3. Die irrtümliche Auffassung des Steuerpflichtigen, dass der Veranlagungszeitraum, in dem nach der tatsächlichen Verständigung der Auflösungsverlust berücksichtigt werden soll, verfahrensrechtlich noch offen ist, führt nicht zu einem Wegfall der Geschäftsgrundlage der tatsächlichen Verständigung.
Normenkette
EStG §§ 10d, 17 Abs. 4; FGO § 46; BGB § 312 Abs. 2-3, § 313
Nachgehend
Tenor
1. Die Klage wird abgewiesen.
2. Die Kläger tragen die Kosten des Verfahrens.
Tatbestand
Streitig ist ein Auflösungsverlust der Kläger (Kl) i.S. des § 17 Abs. 4 Einkommensteuergesetzes –EStG– (nachfolgend: Auflösungsverlust) zur … GmbH (nachfolgend: GmbH). Gegenstand des Unternehmens der GmbH war der An- und Verkauf, die Verwaltung und die Vermittlung von Immobilien sowie die Bauträgertätigkeit.

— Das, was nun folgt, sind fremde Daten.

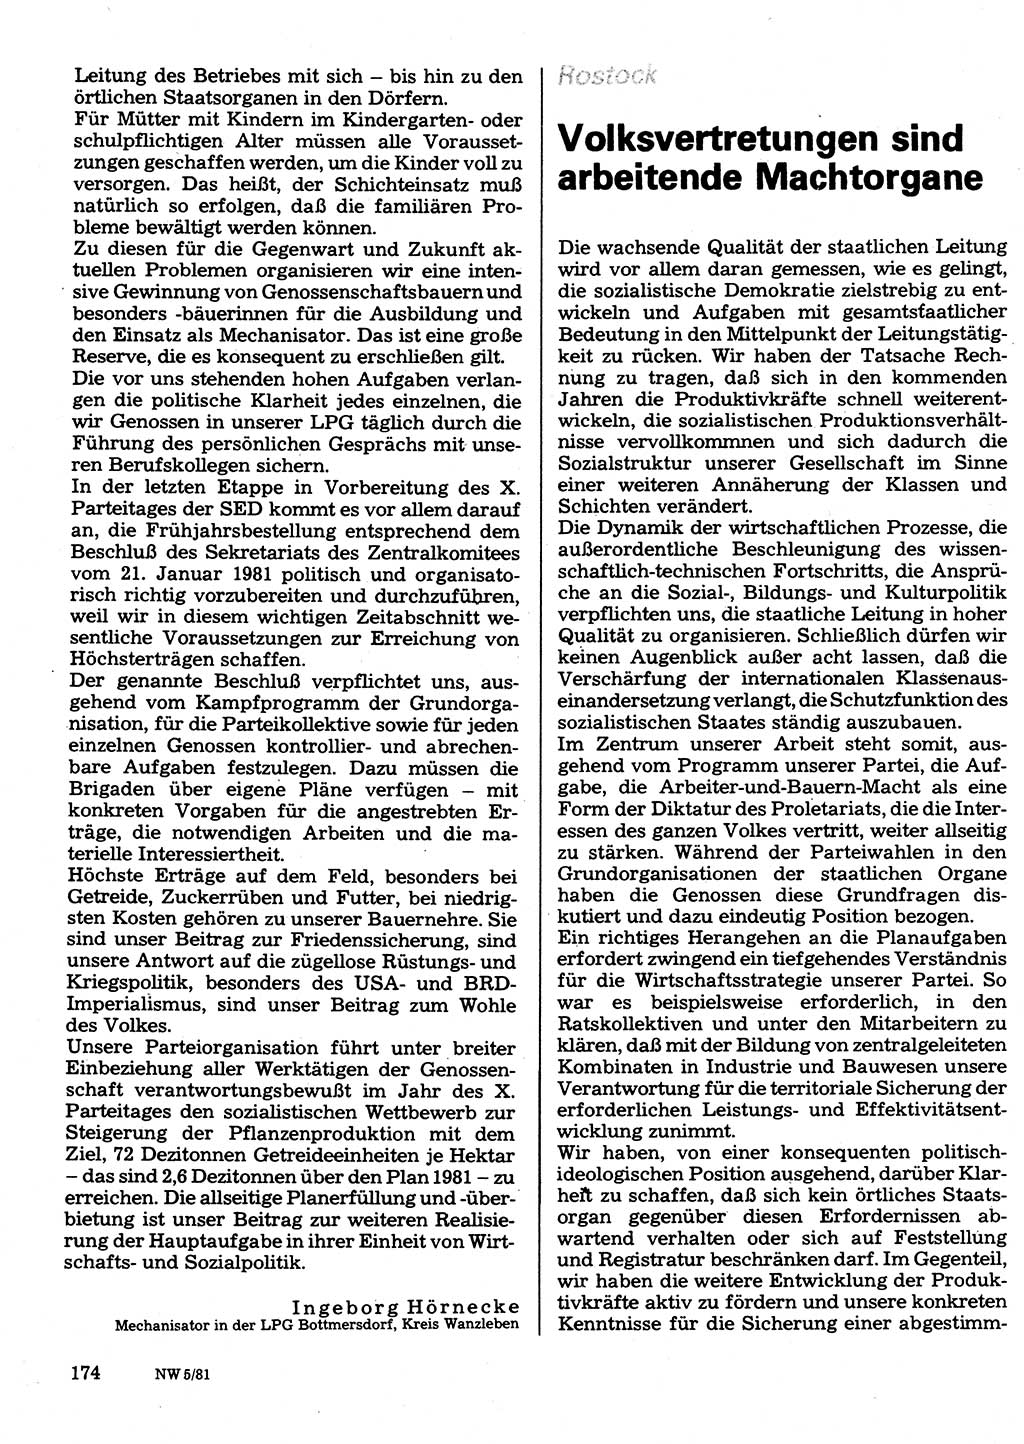 Neuer Weg (NW), Organ des Zentralkomitees (ZK) der SED (Sozialistische Einheitspartei Deutschlands) für Fragen des Parteilebens, 36. Jahrgang [Deutsche Demokratische Republik (DDR)] 1981, Seite 174 (NW ZK SED DDR 1981, S. 174)

Die Kl sind verheiratet und werden zusammenveranlagt. Der Kl war seit dem xx November 1990 zu 75 % und ab dem xx April 1995 zu xx % an der GmbH beteiligt; er erhöhte seine Beteiligung bis zum xx August 2002 auf xx %. Die Klin war an der GmbH seit dem xx April 1995 mit × % und seit dem xx August 2002 mit × % beteiligt.
Auf Antrag der Staatsanwaltschaft X (StA) erließ das Amtsgericht X (AG) am xx Oktober 2002 einen dinglichen Arrest u.a. in das Vermögen der GmbH, die u.a. Eigentümerin eines umfangreichen Immobilienbestands war. Am xx November 2002 stellte die GmbH ihren laufenden Geschäftsbetrieb ein. Am xx Dezember 2002 beantragten der Kl sowie der Geschäftsführer der GmbH aus der Untersuchungshaft die Eröffnung des Insolvenz–(InsO)–Verfahrens über das Vermögen der GmbH wegen Zahlungsunfähigkeit. Mit Beschluss vom xx Dezember 2002 ordnete das AG die vorläufige Verwaltung an, mit Beschluss vom xx Februar 2003 die Eröffnung des InsO-Verfahrens. Im Schlussbericht des InsO-Verwalters A legte dieser eine InsO-Quote von 15,x % fest. Nach Vollzug der Schlussverteilung im Jahr 2007 hob das AG mit Beschluss vom xx Mai 2008 das InsO-Verfahren auf. Für die weiteren Einzelheiten insbesondere zur Vermögenssituation der GmbH wird auf die Inhalte des Berichts des InsO-Verwalters nach § 156 Insolvenzordnung (InsO) vom xx April 2003 – in dem als Umlaufvermögen der GmbH verschiedene Verkaufsgrundstücke, im Detail über 75 Wohnungen und Ladengeschäfte sowie diverse Garagen und Stellplätze mit einem Wert von EUR 11.213.900 angegeben sind – sowie auf seine Sachstandberichte vom xx August 2003, vom xx September 2004 und vom xx März 2005 und auf seinen Schlussbericht vom xx Januar 2007, in dem u.a. Vergleiche des InsO-Verwalters mit dem Kl und dem Geschäftsführer der GmbH jeweils aus dem Jahr 2005 angeführt sind, Bezug genommen (vgl. Anlagen 21-25 Anlagenband der Gerichtsakte –GA–).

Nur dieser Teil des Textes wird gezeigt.